When I got home that night, my dad asked me how it went. I told him I had read the apology and that the teacher had thanked me.

“I’m sorry I had to be so hard on you, but I don’t want people thinking you’re a lying sack of shit. You ain’t. You’re a quality human being. Now go to your room, you’re grounded.”

On Respecting Privacy

“Get the fuck outta here, I’m doing stuff.”

On Showing Fear

“When it’s asshole-tightening time, that’s when you see what people are made of. Or at least what their asshole is made of.”

On Hypothetical Questions

“No. There’s no scenario where I’d eat a human being, so you can stop making them up and asking me, understood? Jesus, is this how you spend your day, just coming up with this shit?”

On Friendliness

“Listen, I know you hate playing with that chubby kid because his mom’s a loudmouth, but it’s not that kid’s fault his mom’s a bitch. Try to be nice to him.”

On Fair Play

“Cheating’s not easy. You probably think it is, but it ain’t. I bet you’d suck more at cheating than whatever it was you were trying to do legitimately.”

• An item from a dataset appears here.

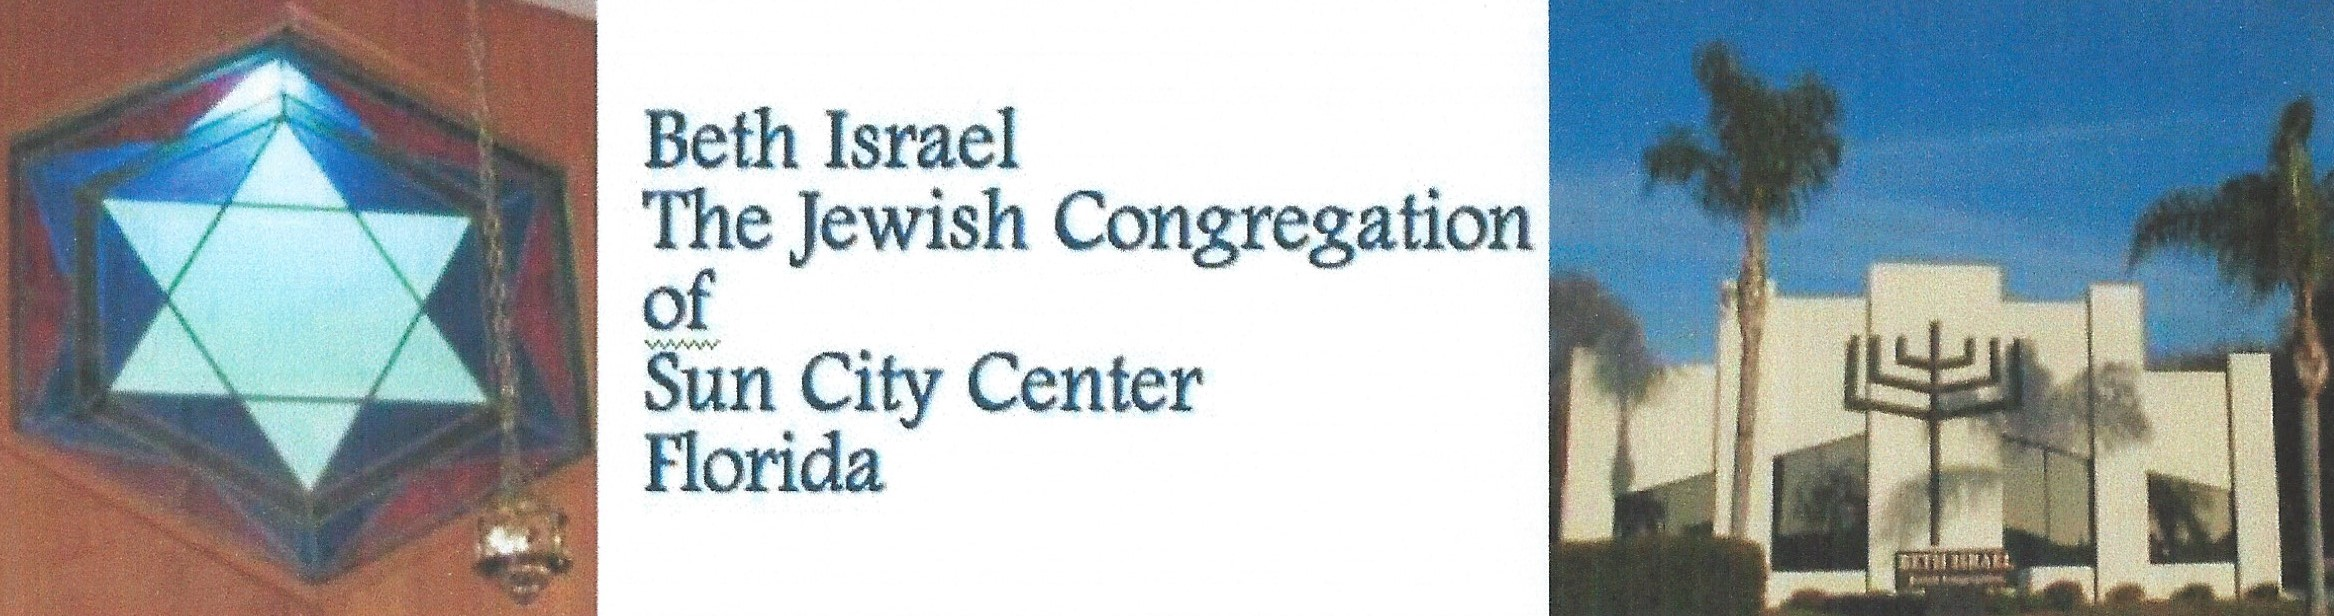 Beth Israel
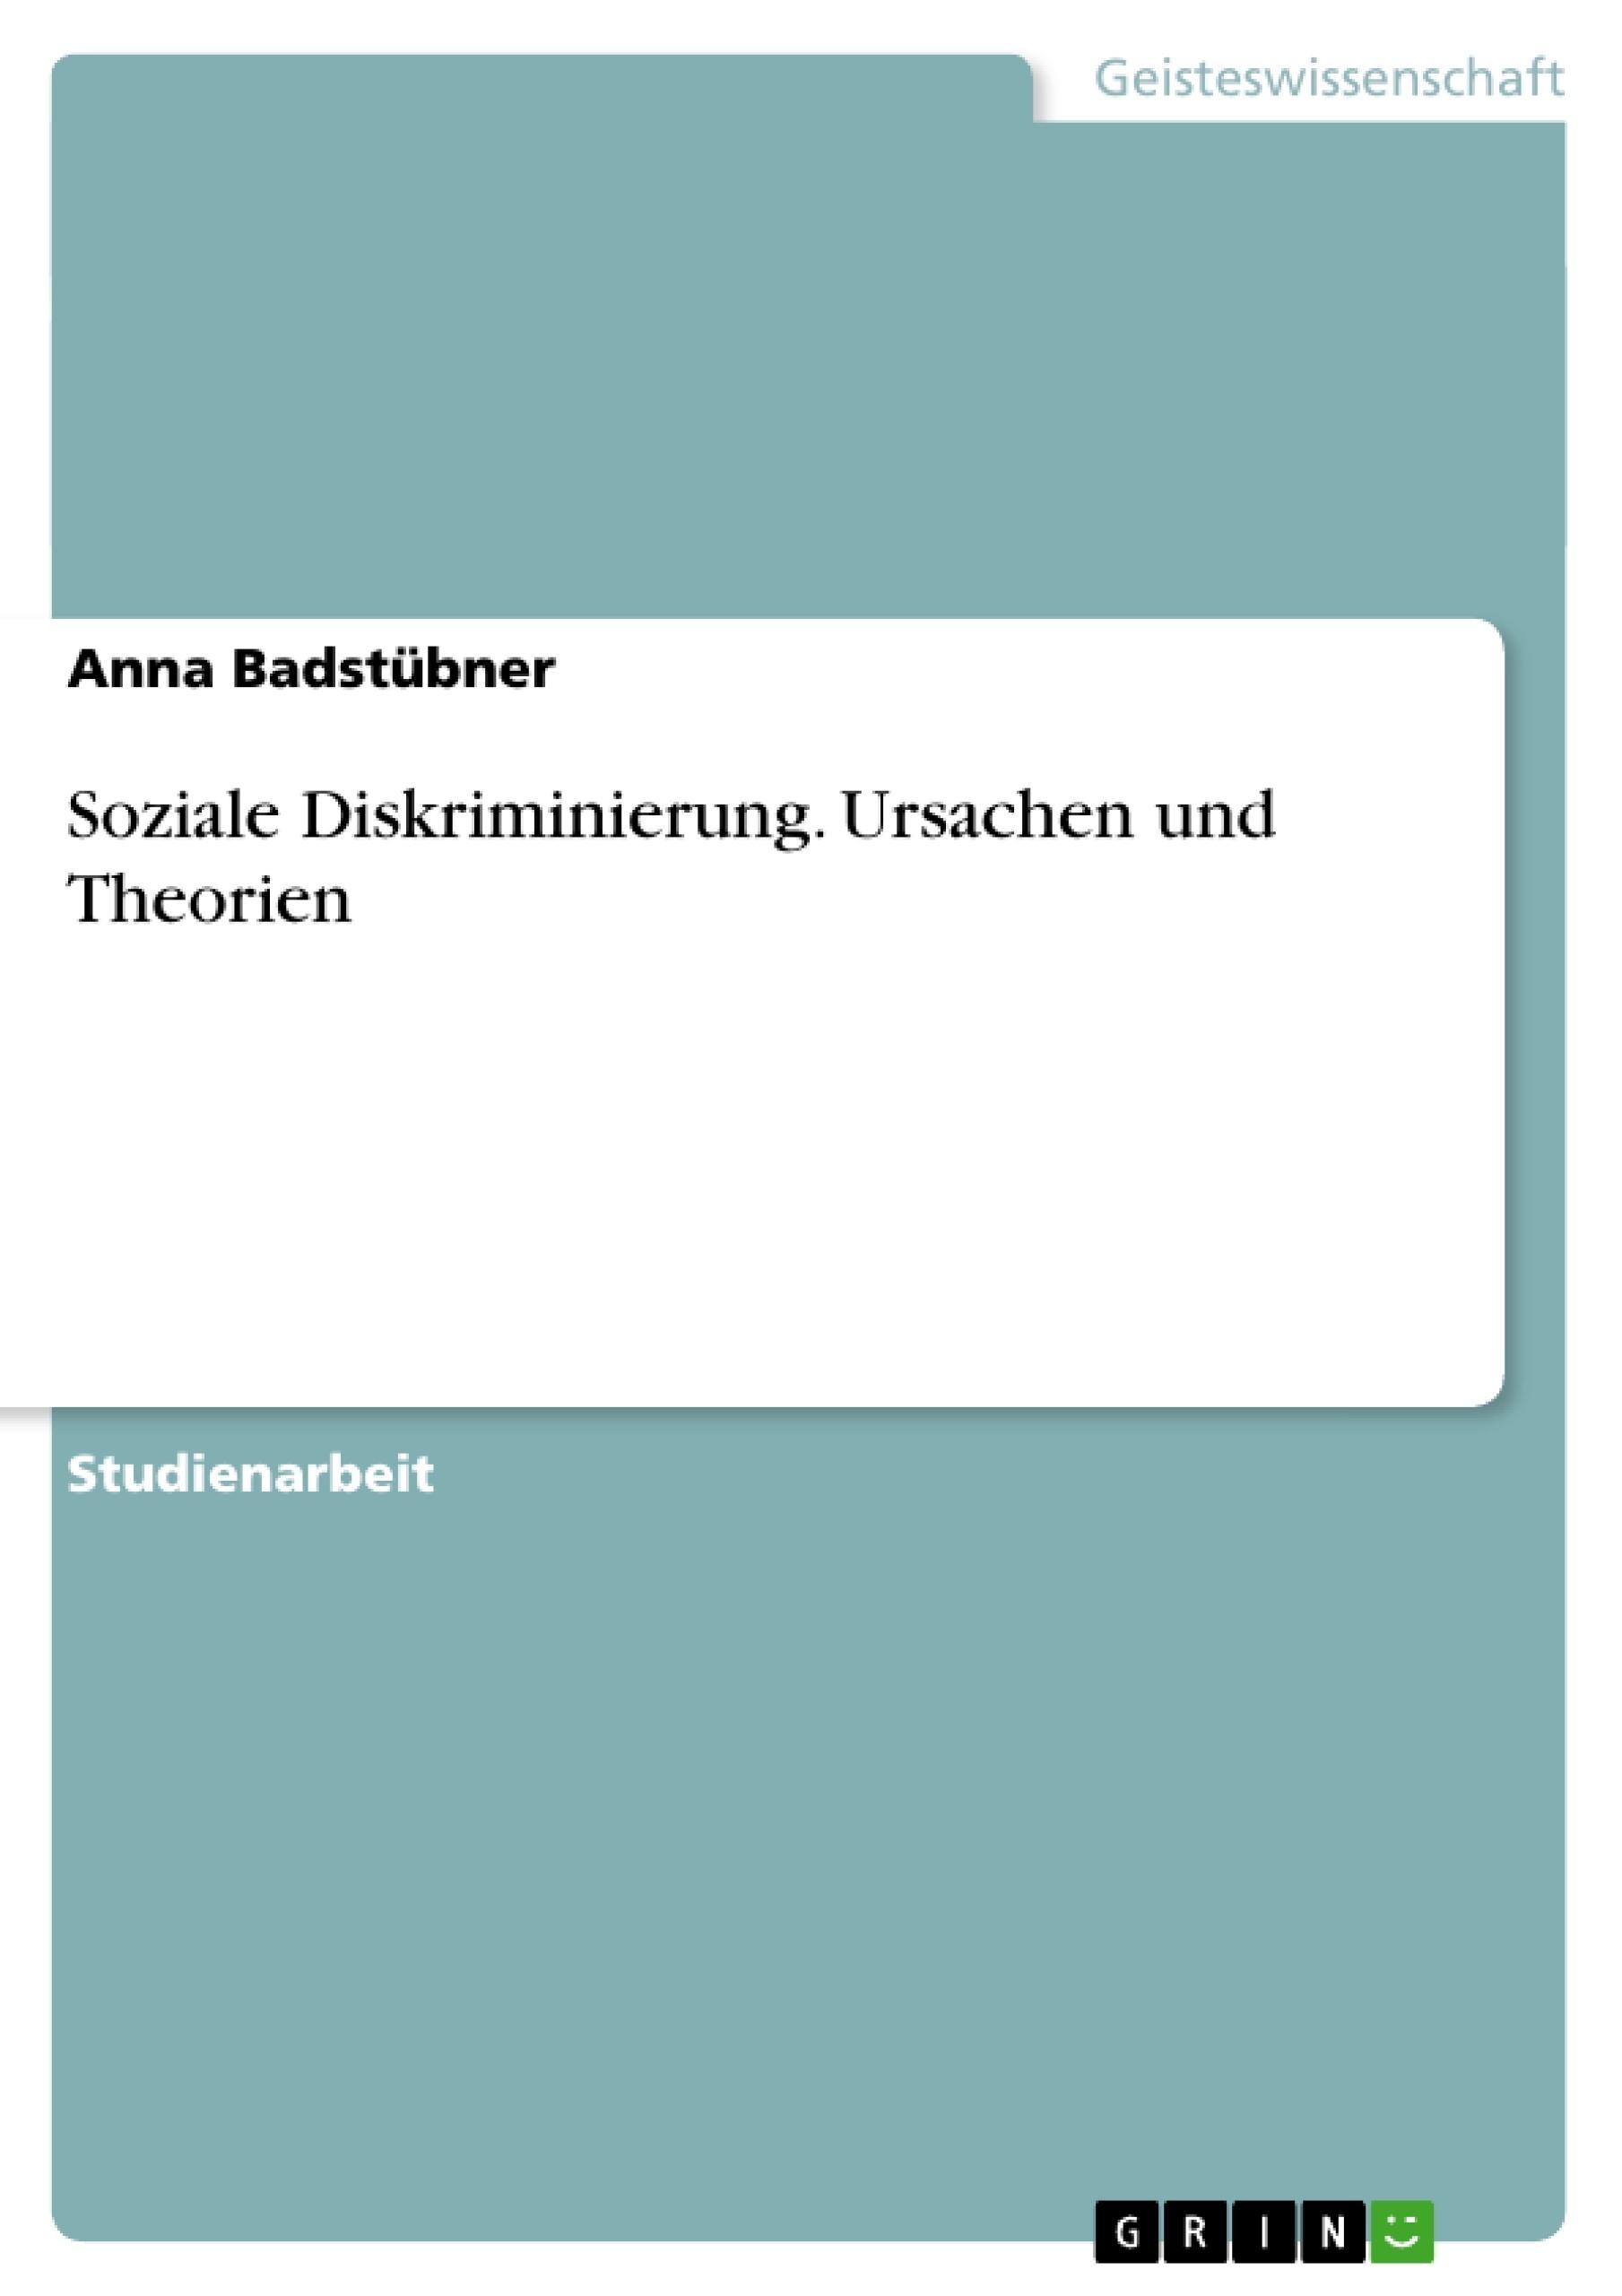 Titel: Soziale Diskriminierung. Ursachen und Theorien

On Leaving My Toys Around the House

“Goddamn it, I just sat on your goddamned truck guy…. Optimus Prime? I don’t give a shit what it’s called, keep it away from where I like to put my ass.”

On Child Safety

“Don’t touch that knife. YOU never need to be holding a knife…. I don’t give a shit, learn how to butter stuff with a spoon.”

On Slumber Parties

“There’s chips in the cabinet and ice cream in the freezer. Stay away from knives and fire. Okay, I’ve done my part. I’m going to bed.”

On Sharing

“I’m sorry, but if your brother doesn’t want you to play with his shit, then you can’t play with it. It’s his shit. If he wants to be an asshole and not share, then that’s his right. You always have the right to be an asshole—you just shouldn’t use that right very often.”